Sunday, May 24, 2009

Don't Cry, Heather-Mary, Don't Cry...

Heather-Mary cried last night. I heard her, and for the rest of the night, I was awake. It wasn't loud. She did not weep or sob or thrash about - antics reserved for silly drunk girls wobbling along the streets of Hell's Square at 3AM - high drama, little true pain. No, Heather-Mary did not want the attention. She cried quiet. Enormously quiet. It satisfied me. And the guilt from that satisfaction made me ill.

I knew her story, so I was always confused by Heather-Mary's happiness. A part of me resented her for it...his name was Tommy. He wanted to see her scream, to lash out, to take her collection of fucking Precious Moments figurines and slam them against the wall. Now that would be a Precious Moment to see. But she never did. She smiles and jokes and takes care and is content to live in her little room, in her little world shrinking smaller and smaller. Insignificant. Disappear.

Heather-Mary hasn't left her room for 6 months. She sits on her bed all day, on her computer all day, chatting and Facebooking and tweeting all day. "Still in my bed," she tweets, "Still in my bed."

Heather-Mary hasn't left her two-bedroom apartment in 6 years, the Lower East Side in 9 and New York in 12. She enjoyed 3 years in San Francisco, the intricate system of electric cable lines lidding the city secured her to the street, unlike the 2 years prior she spent in LA, roaming its vast and all too open freeway system.

From age 6 to 18, Heather-Mary lived with her Grandparents on their 100 acre farm in Idaho. As much as she loved her Grandparents, she hated the land. Too much damn land. Constantly lost, free-spinning and out of control, Heather-Mary's simple chores became an anxiety filled hell. Her core growing more and more unstable, each of her cells expanding, being pulled as if hooked by some invisible string connected to the eternal sky and infinite terrain. Heather-Mary was being ripped apart.

Heather-Mary was happy the first 6 years of her life.

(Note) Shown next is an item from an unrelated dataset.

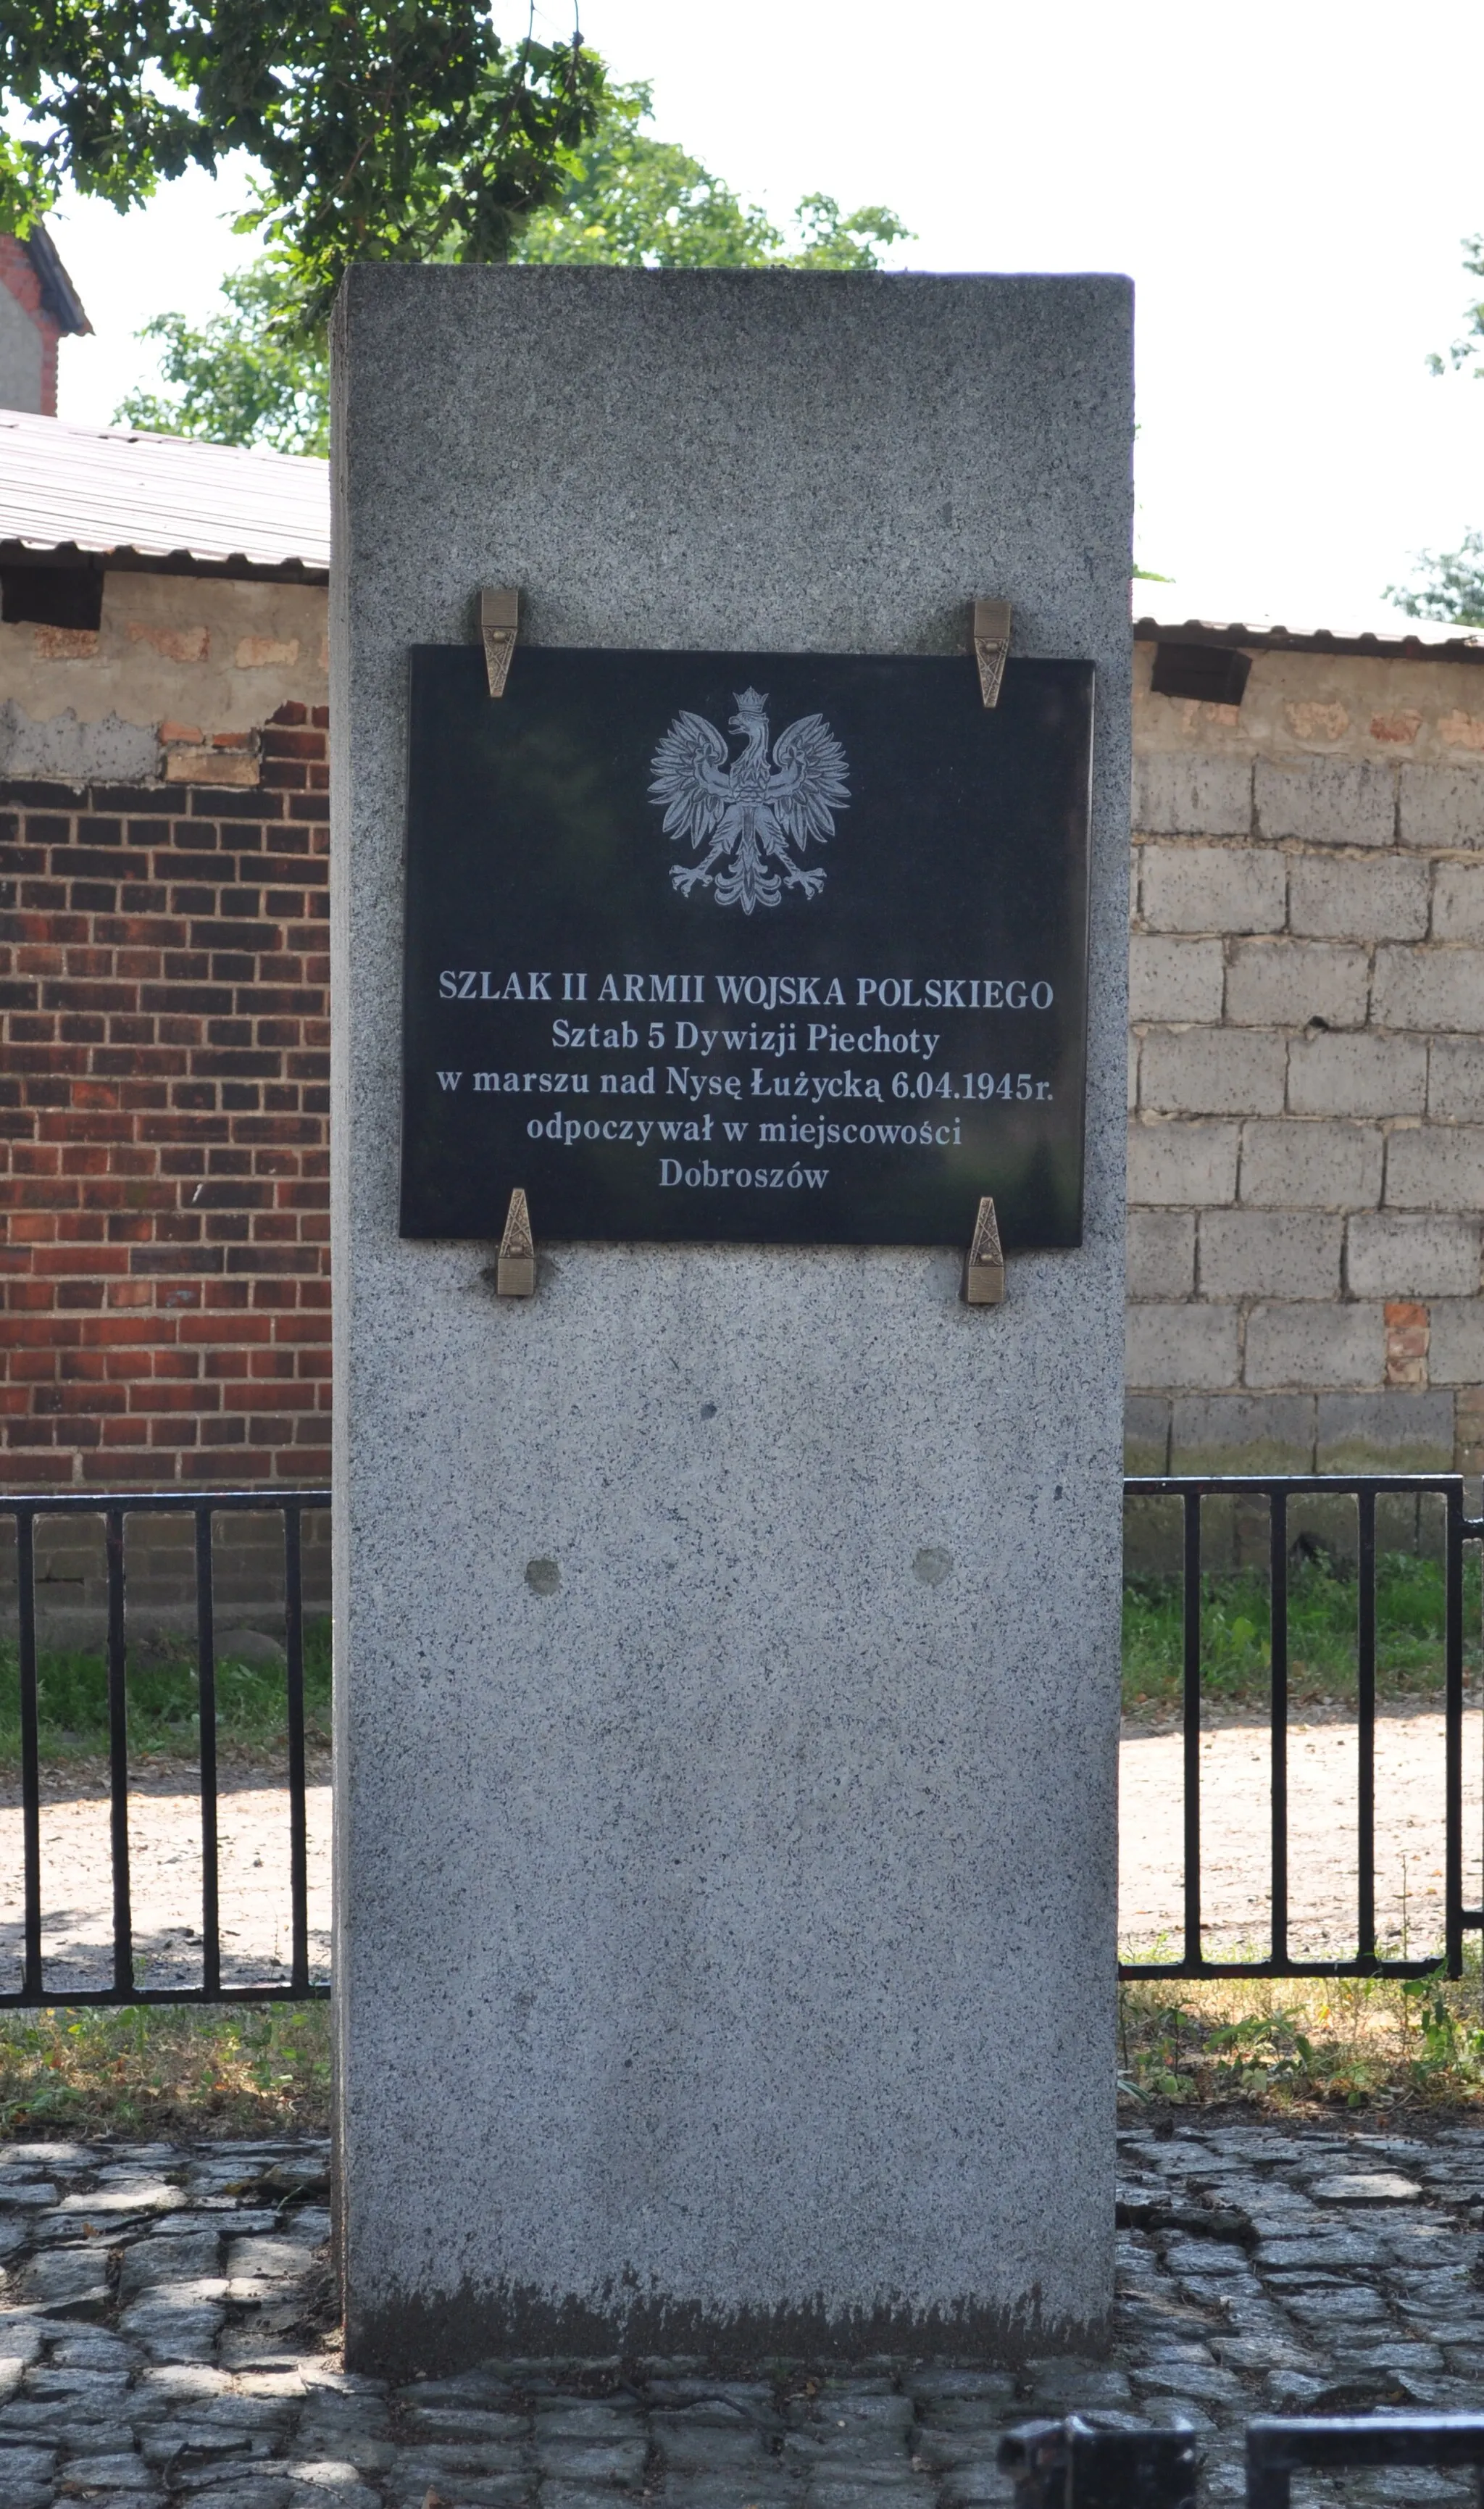 Photo showing: Monument in Dobroszów
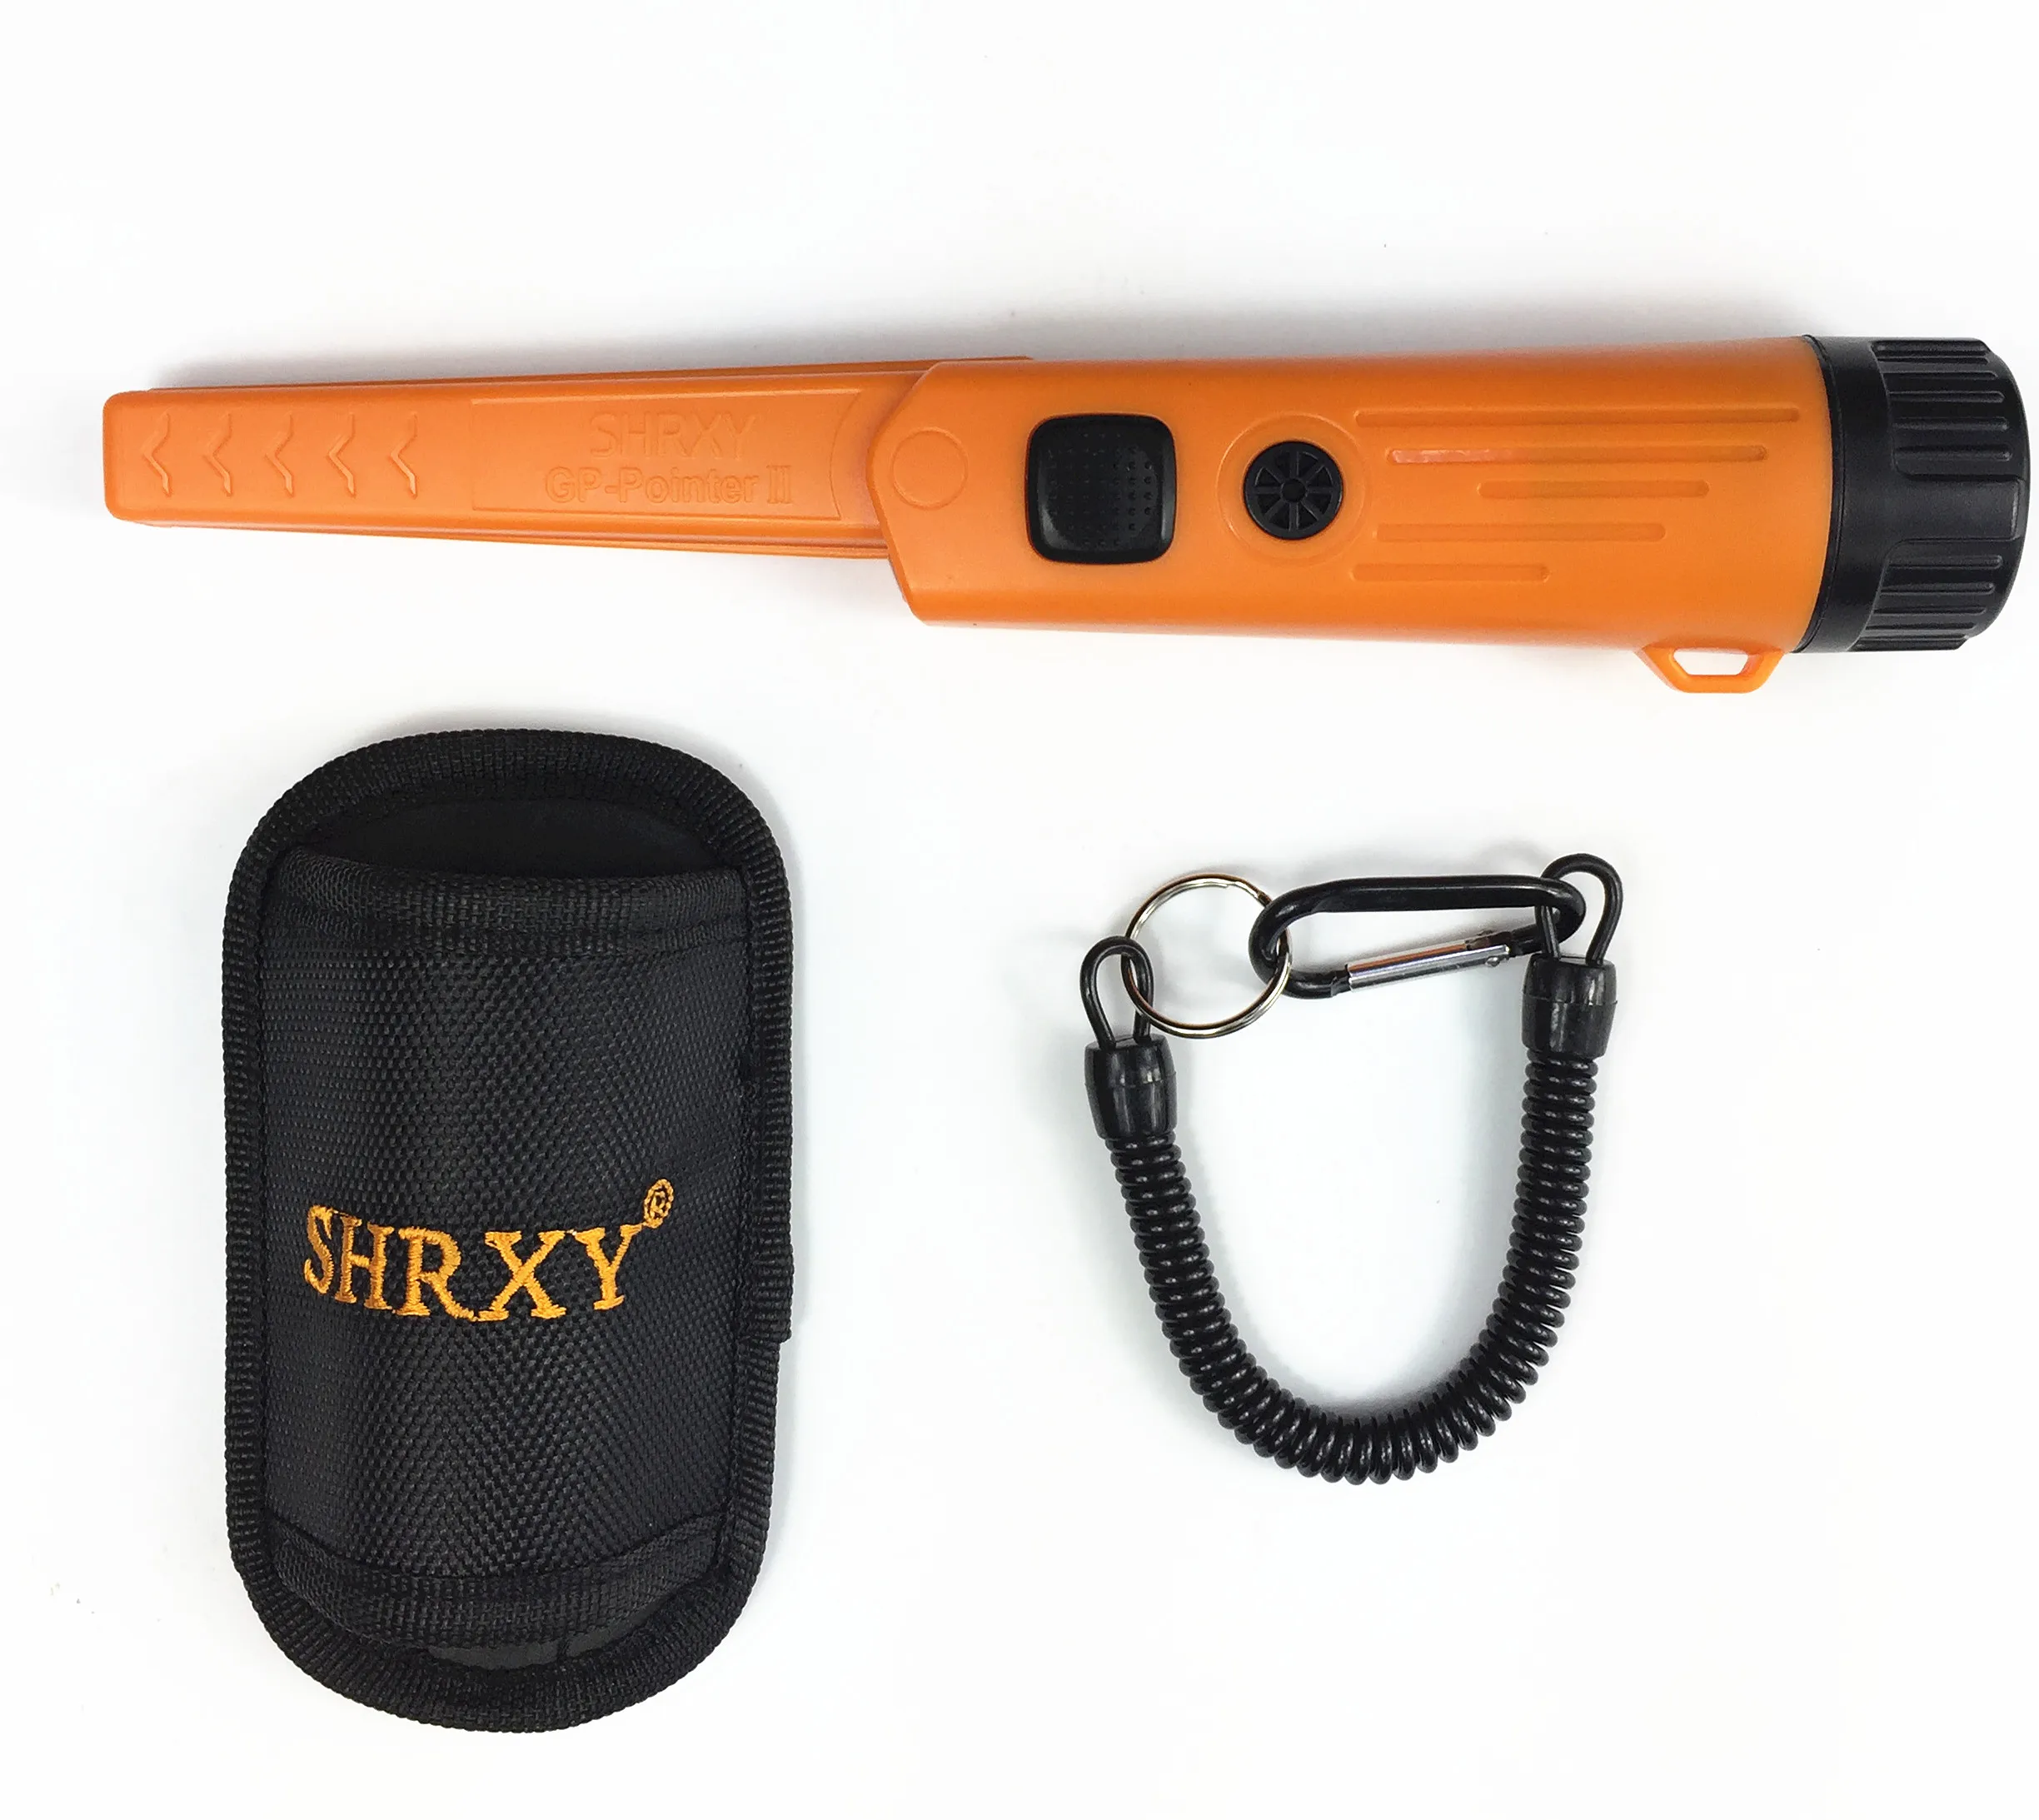 Shrxy Модернизированный Pro выявлением Ручной металлодетектор TRX gp-pointer2 Водонепроницаемый указатель детектор металла оранжевый/черный Цвет

Heather-Mary was born and spent the first 6 years of her life with her mother in a Mexican Prison. She was a guinea pig of sorts - The Effects of Prison on Children, or The Effects of Children on Mothers in Prison, or How Much can We Fuck Up this Child in Prison. Whatever the experiment, by all the data, Heather-Mary had a happy childhood. She adored her mother and was devastated when her father's parents ripped her away from the only home she had ever known. A home small and confined and comfortably finite.

35 years later, Heather-Mary lives in a space smaller than her first. She pretends to be happy, but I heard her crying last night. I felt satisfied. I felt guilty and ill, but I felt no more resentment. Maybe now I can make her feel better.